Now suppose you want to check whether every order, as identified by its sp_id, in the salesorders table maps back to an sp_id in the salespeople table. You can add the DMF to the salesorders table while specifying the salespeople table as the other table argument.

ALTER TABLE salesorders
  ADD DATA METRIC FUNCTION governance.dmfs.referential_check
    ON (sp_id, TABLE (my_db.sch1.salespeople(sp_id)));
Copy

The output returns the number of rows in the salesorders table that have a value in the sp_id column that doesn’t appear in the sp_id column of the salespeople table. A value greater than 0 indicates that there are sp_id values in salesorders that don’t map to records in salespeople.

Call your DMF manually

Use the following syntax to call a DMF:

SELECT <data_metric_function>(<query>)
Copy

Where:

data_metric_function

Specifies a system- or user-defined DMF.

query

Specifies a SQL query on a table or view.

The columns in the query must match the column arguments in the DMF signature.

Note

These system DMFs don’t follow this syntax because they don’t take any arguments:

Call the DMF directly and view the results:

SELECT governance.dmfs.count_positive_numbers(
    SELECT c1,
           c2,
           c3
    FROM t
  );
Copy

When you set a DMF on a table or view and schedule it to run, you can query the view built from the event table to view the results. For information, see View the DMF results.

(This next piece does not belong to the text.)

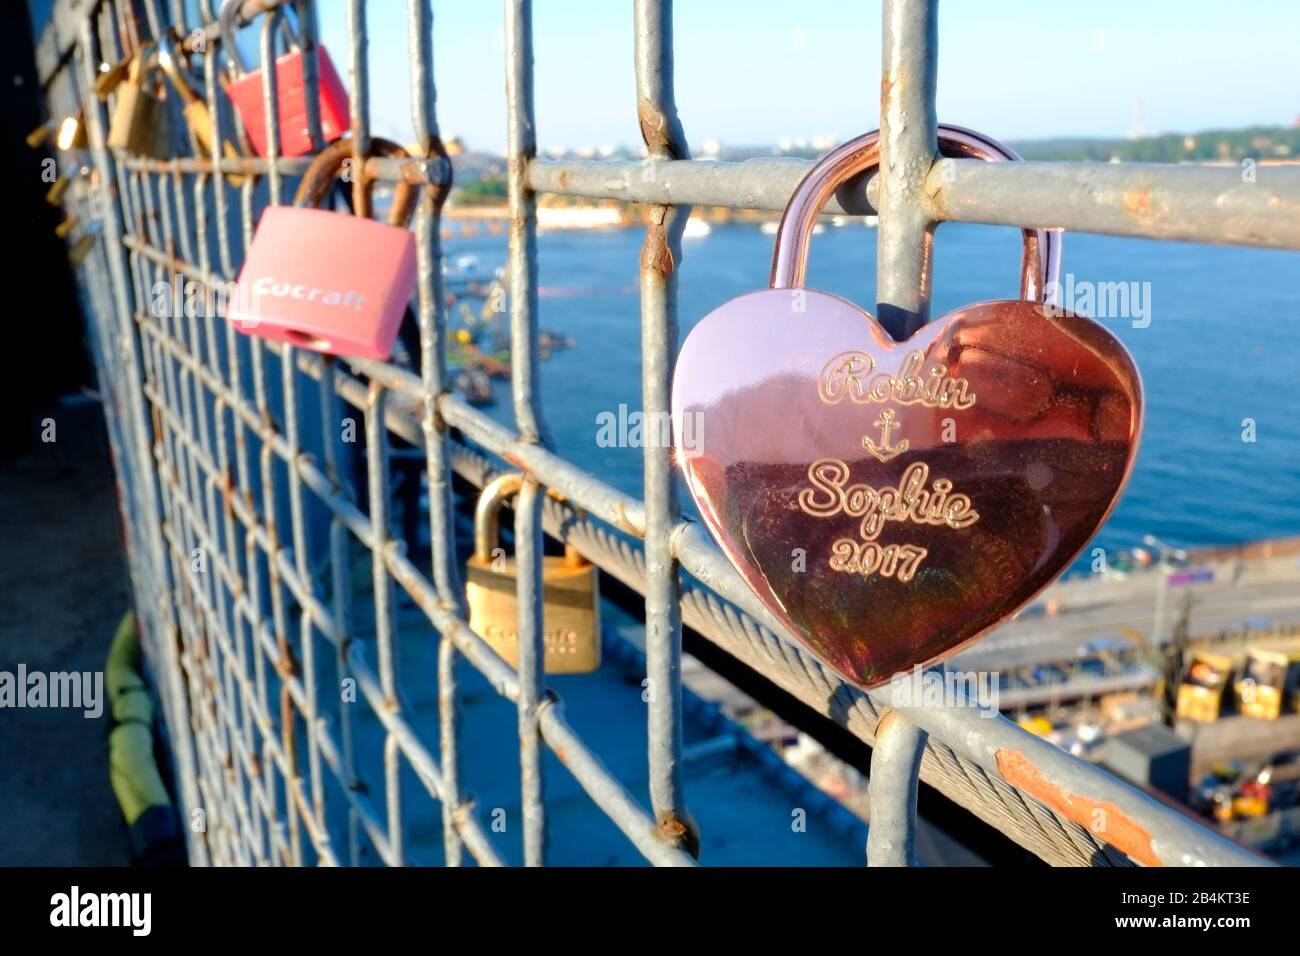 Les serrures verrouillées sur la clôture métallique du restaurant Gondola de Stockholm indiquent l'amour ou l'engagement des couples Banque D'Images

Add or drop a DMF on a table or view

Use an ALTER TABLE or ALTER VIEW command to do the following:

  • Add a DMF to a table using an ALTER TABLE.

    ALTER TABLE t
      ADD DATA METRIC FUNCTION governance.dmfs.count_positive_numbers
        ON (c1, c2, c3);
    
    Copy
  • Drop a DMF from a table using an ALTER TABLE command.

    ALTER TABLE t
      DROP DATA METRIC FUNCTION governance.dmfs.count_positive_numbers
        ON (c1, c2, c3);
    
    Copy

Note

Use the ALTER VIEW command to add a DMF on a materialized view column or drop a DMF from a materialized view column.

Schedule your DMFs to run

You can schedule your DMFs to run to automate the data quality measurements on a table.

Snowflake uses the table owner role, which is the role with the OWNERSHIP privilege on the table, to call the scheduled DMF. The table owner role must have these grants:

  • The USAGE privilege on the user-defined DMF, and the USAGE privilege on the database and schema that store the user-defined DMF.

  • The DATA_METRIC_USER database role if the DMF is a system DMF.

  • The EXECUTE DATA METRIC FUNCTION privilege on the account.

The DATA_METRIC_SCHEDULE object parameter for a table, view, or materialized view enables you to schedule when your DMFs can run. All data metric functions on the table or view follow the same schedule.

There are three approaches to schedule your DMF to run:

  • Set the DMF to run after a specified number of minutes.

  • Use a cron expression to schedule the DMF to run at a particular frequency.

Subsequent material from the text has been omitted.